Secure Configuration Guide#

Overview#

This page outlines a number of steps that can be taken in order to configure the Squirro environment in a more secure manner than out of the box. This includes Squirro-specific steps, such as encrypting configuration files or enabling single sign-on (SSO), but also shows how the operating systems and some of the shipped services can be configured in a more restrictive way.

Pre-Requisites#

Linux instance to be setup according to third party standards and protocols.

Familiarity with Squirro services and setup procedures.

Linux & Networking#

Firewall Settings#

Squirro Ports#

Incoming traffic to Squirro servers are open on a number of TCP ports.

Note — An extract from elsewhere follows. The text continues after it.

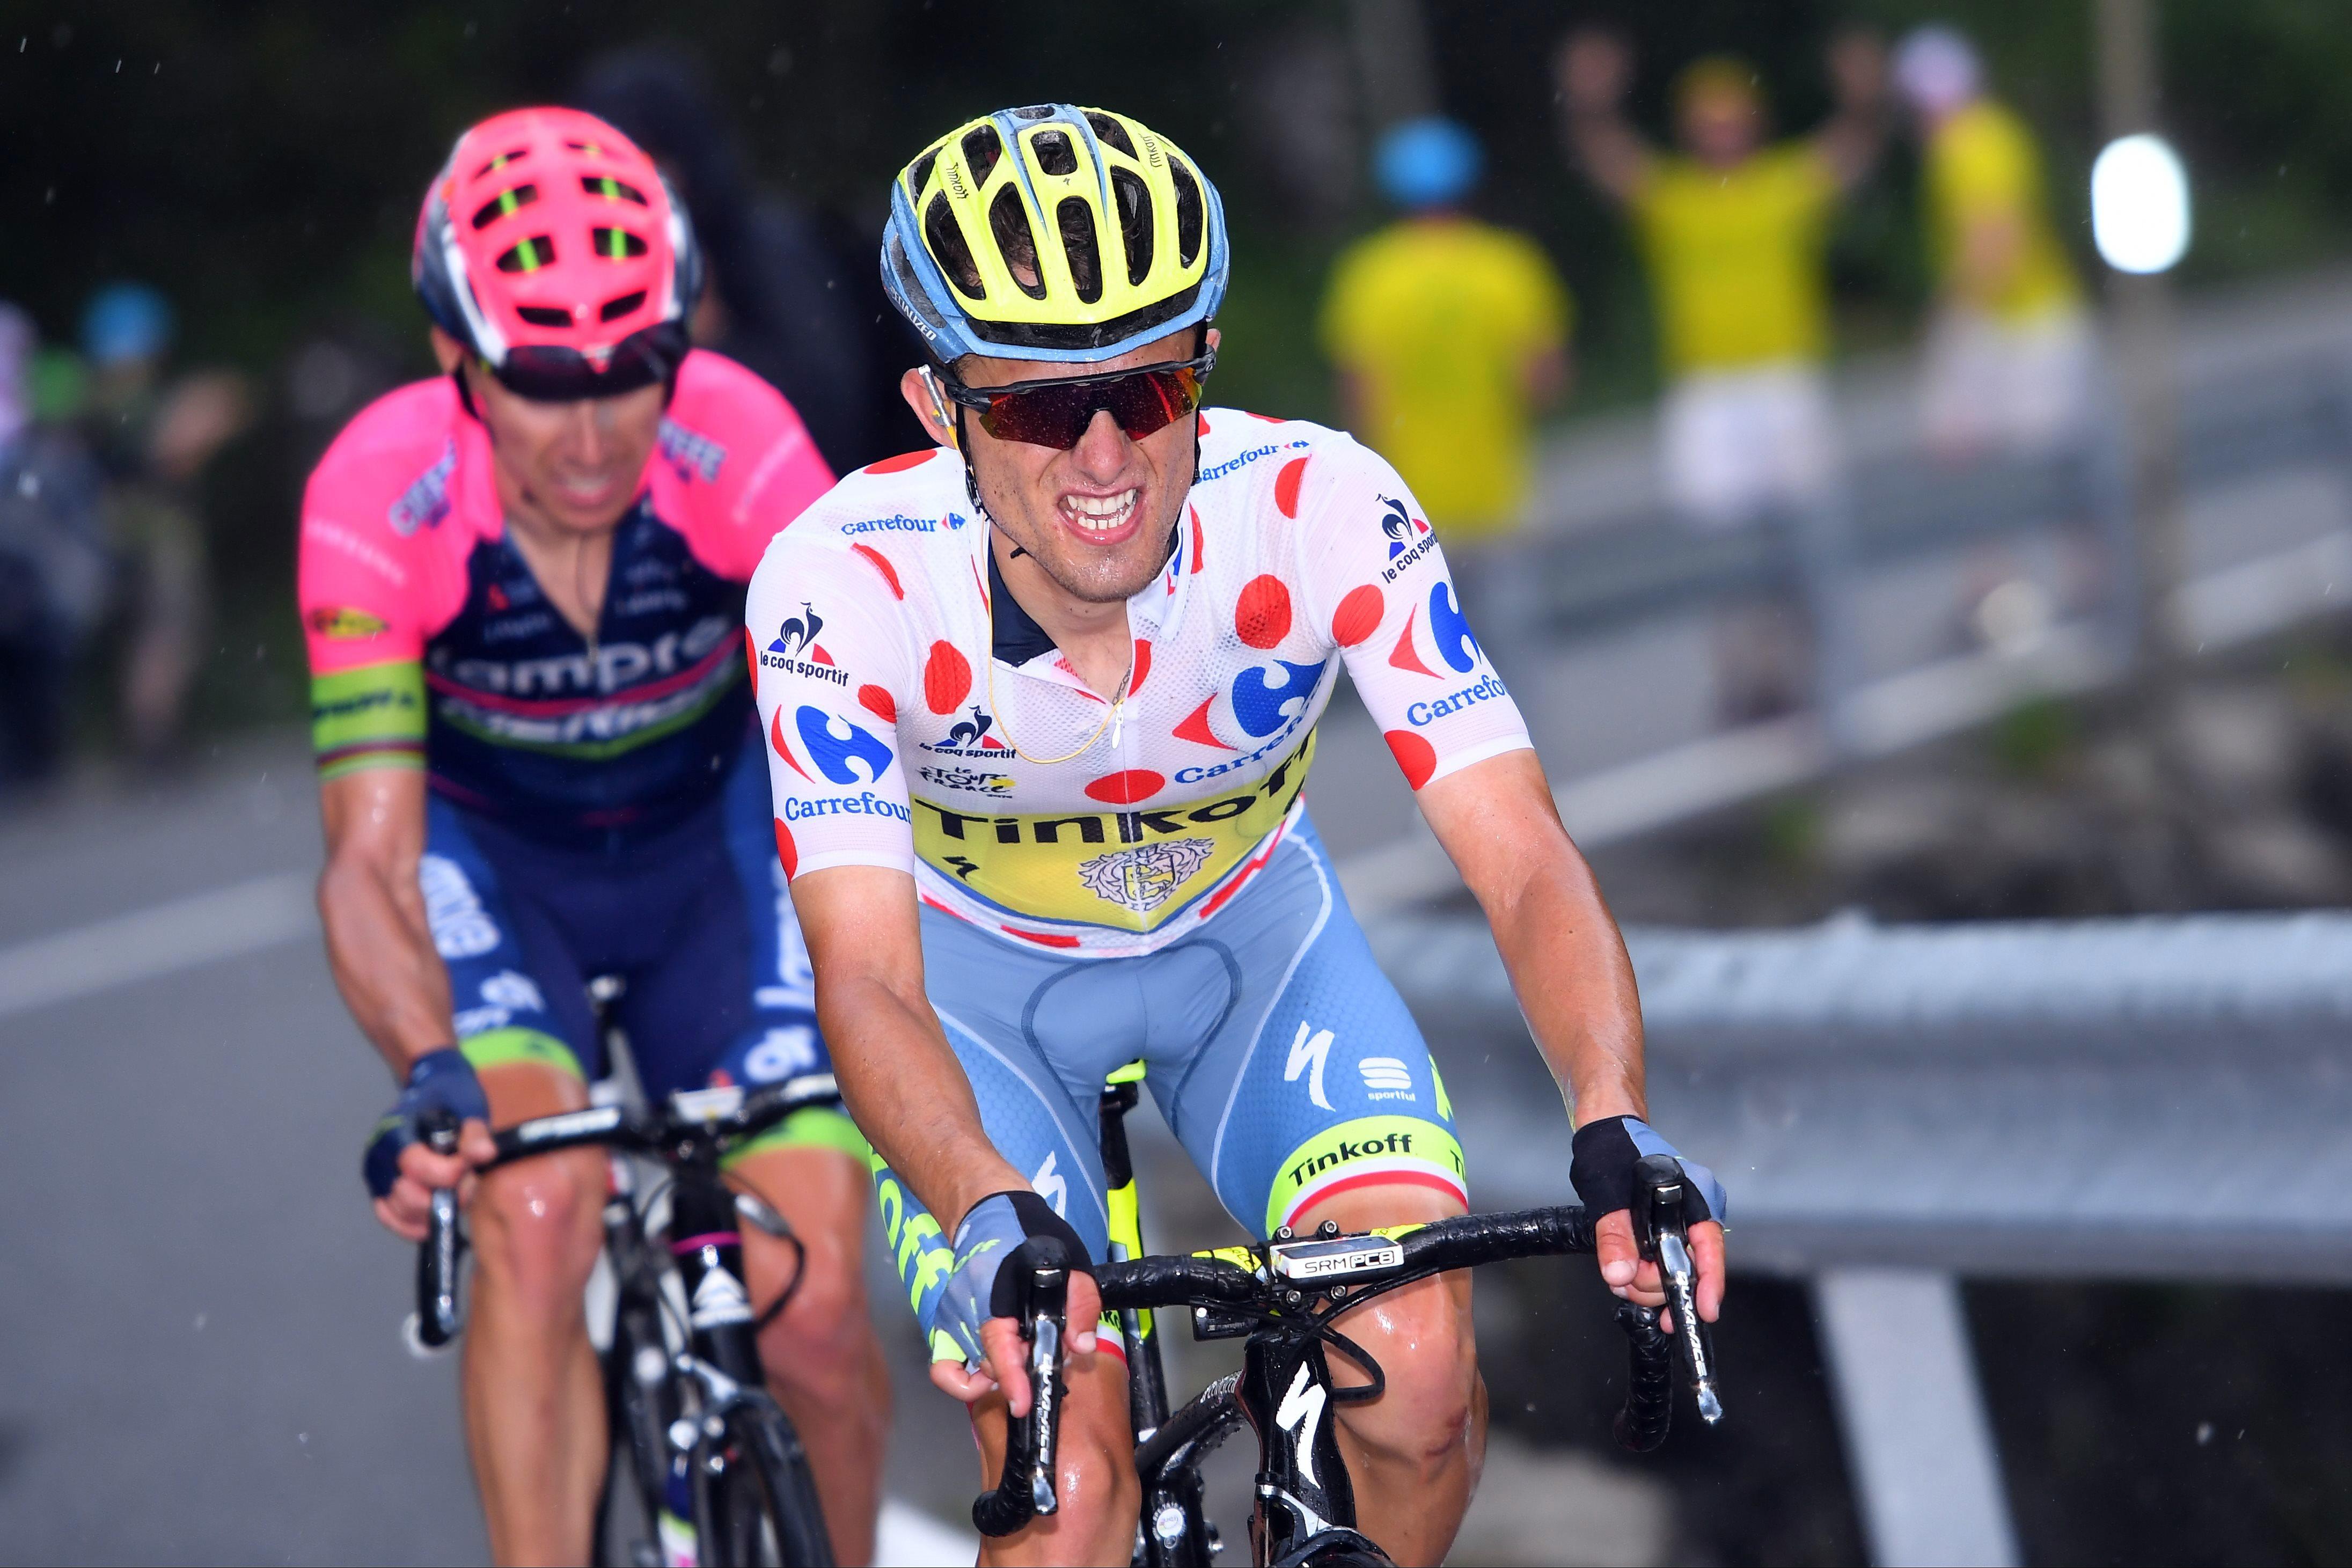 The Grand Tour Season 2 >> Rafal Majka to join Peter Sagan at Bora-Hansgrohe team in 2017 - Cycling Weekly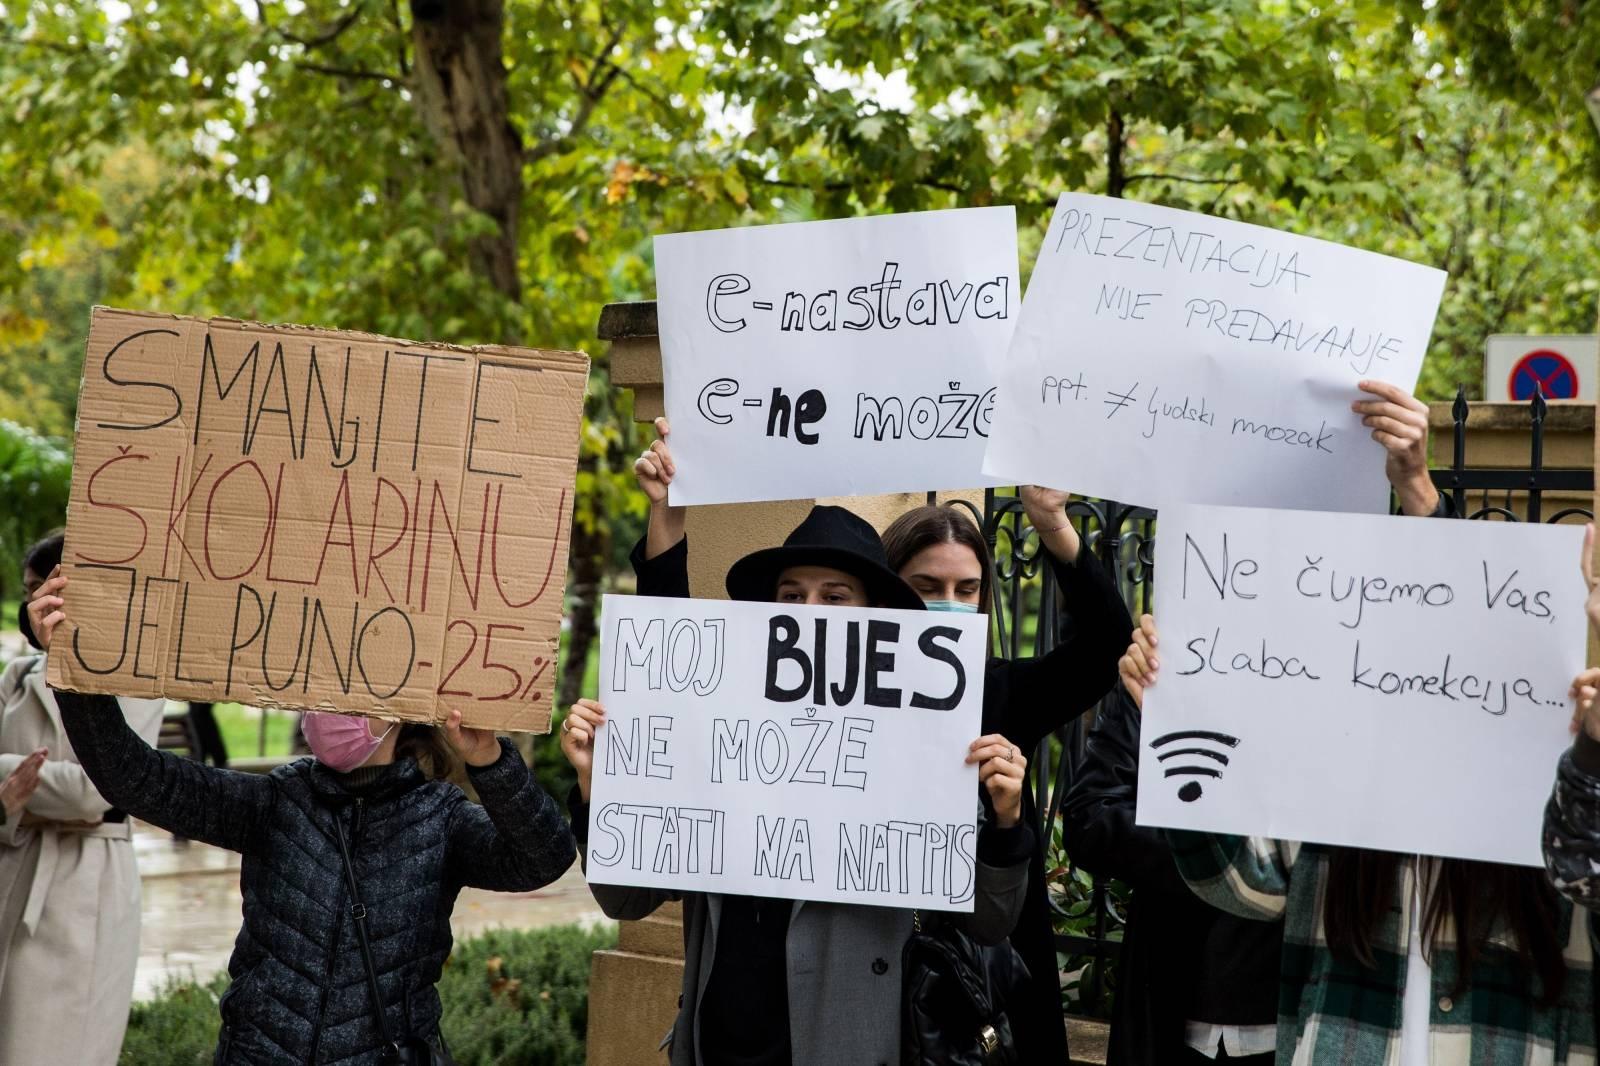 Studenti prosvjedovali u Mostaru zbog previsokih školarina i loše online nastave

The individual ports and the required access level are documented below.

Storage Nodes#

On Squirro storage nodes all port except the following can be blocked.

TCP Port

Usage

Open for

9200

Elasticsearch access

All storage and Squirro nodes

9300

Elasticsearch replication

All storage nodes

Squirro Nodes#

On Squirro cluster nodes all ports except the following can be blocked.

TCP Port

Usage

Open for

443

Web and API access (SSL-protected)

  • All clients (or load balancer)

2181

Zookeeper

  • All Squirro nodes

2888

Zookeeper node discovery

  • All Squirro nodes (in multi-node setups)

3306

MariaDB

  • All Squirro nodes

3888

Zookeeper node discovery

  • All Squirro nodes (in multi-node setups)

6379

Redis (storage)

  • All Squirro nodes

6380

Redis (cache)

  • All Squirro nodes

For more information on configuring ports, see Installing Squirro on Linux.

Nginx#

Squirro ships with an Nginx web server which terminates web connections and then forwards them internally on the machine to the services.

SSL certificate#

For the HTTPS connection to the Squirro cluster node, a self-signed SSL certificate is generated by default. That certificate will trigger warnings for users and is not trusted by the Squirro Toolbox either. For security reasons, an SSL certificate should be issued by the respective body.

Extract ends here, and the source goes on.